Las islas no tienen las comunes enfermedades tropicales de Africa, como la malaria, ya que aquí no vive el mosquito transmisor. Y tampoco son un problema los tiburones ni las serpientes. Solo hay que cuidarse del calor.
El turista poco a poco se acostumbra a este pedazo de paraíso. Y visita la pequeña ciudad de Victoria, su capital, para recorrer el tradicional mercado donde se puede comprar pescados de todas las especies, frutas tropicales, verduras y recuerdos. Pero si debe partir en el primer vuelo de la mañana, en torno a las 9.30 y se ha alojado en la parte opuesta del aeropuerto, el "monstruo" aparece. "Tenían que haber pedido el taxi para media hora antes", saluda el chofer en el estacionamiento de un hotel ubicado en Grand Anse (Playa Grande), en la costa oeste de la isla.
 - ¿Por qué? pregunta el turista. - "Por el tráfico", contesta el taxista.
Los pasajeros ríen. Creen que es una broma. Pero para evitar bordear la isla por la carretera marítima, en un viaje mucho más largo, el taxi atraviesa Mahe por la mitad, de costa a costa, en una carretera de montaña que pasa por el poblado de La Misere, a unos 900 metros de altura.

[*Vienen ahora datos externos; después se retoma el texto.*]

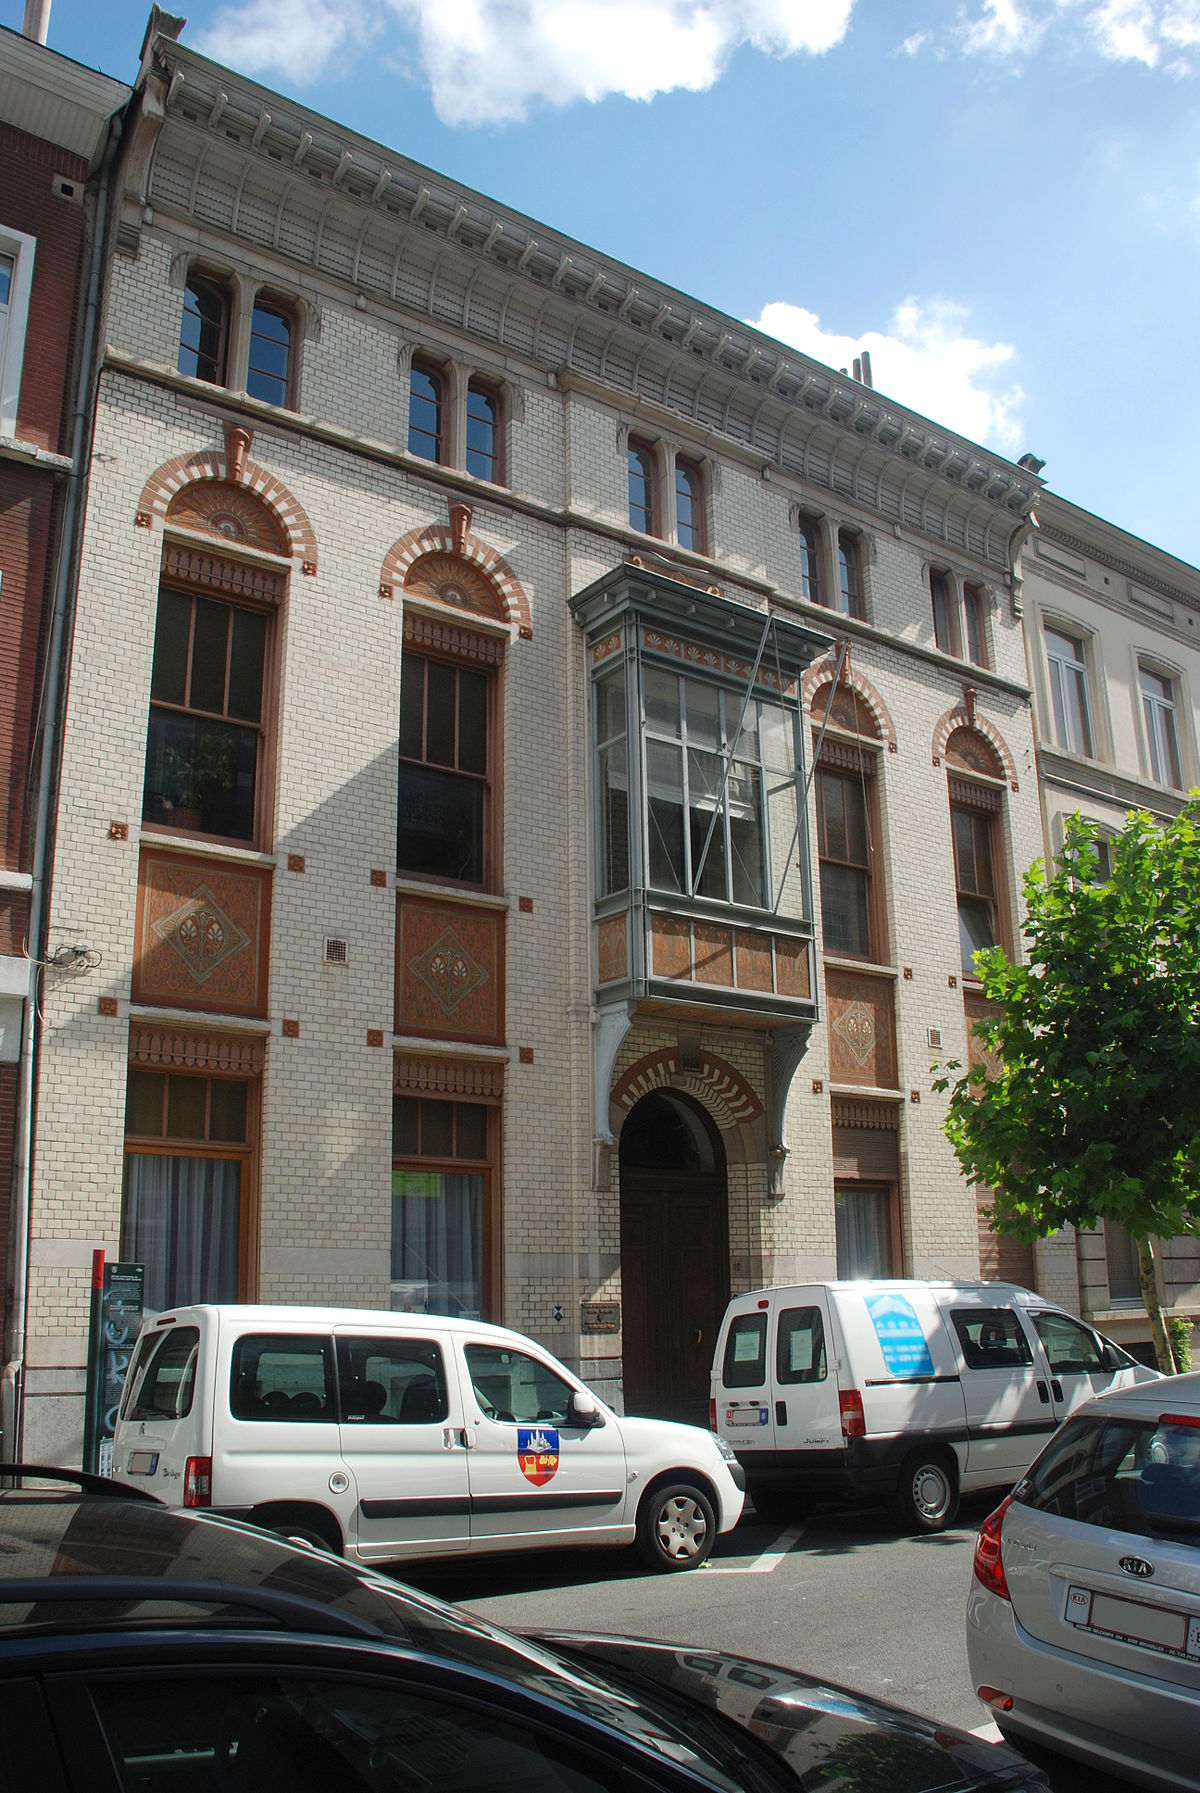 Maison govaerts wikip dia for A la maison meaning

El viaje dura 20 minutos y al principio es muy fluido. Los pasajeros se animan incluso a bromear con el tráfico, pero el chofer avisa que "el problema viene más adelante".
Y el "monstruo" aparece de improviso en el final de la bajada de esta carretera de montaña, cuando las primeras imágenes de la ciudad de Victoria aparecen en el horizonte. De pronto, el tráfico se atasca. Y no se mueve. Luego comienza a andar a paso de hombre durante largos 20 minutos.
"Pasa todas las mañanas", dice Albil, un taxista nacido en Mahe. "Es el único camino de esta parte de la isla que comunica el oeste con Victoria, y todos vienen a trabajar aquí. Se pensó en construir un túnel para evitar estos atascos, pero es muy caro y además está el problema ambiental", comenta.
El atasco se disipa cuando se llega a la carretera costera.
El aeropuerto está a no más de 10 minutos. Y es tan pequeño que la escasa espera para embarcar hace olvidar pronto el "monstruo" escondido en la carretera montañosa de Mahe. (ANSA).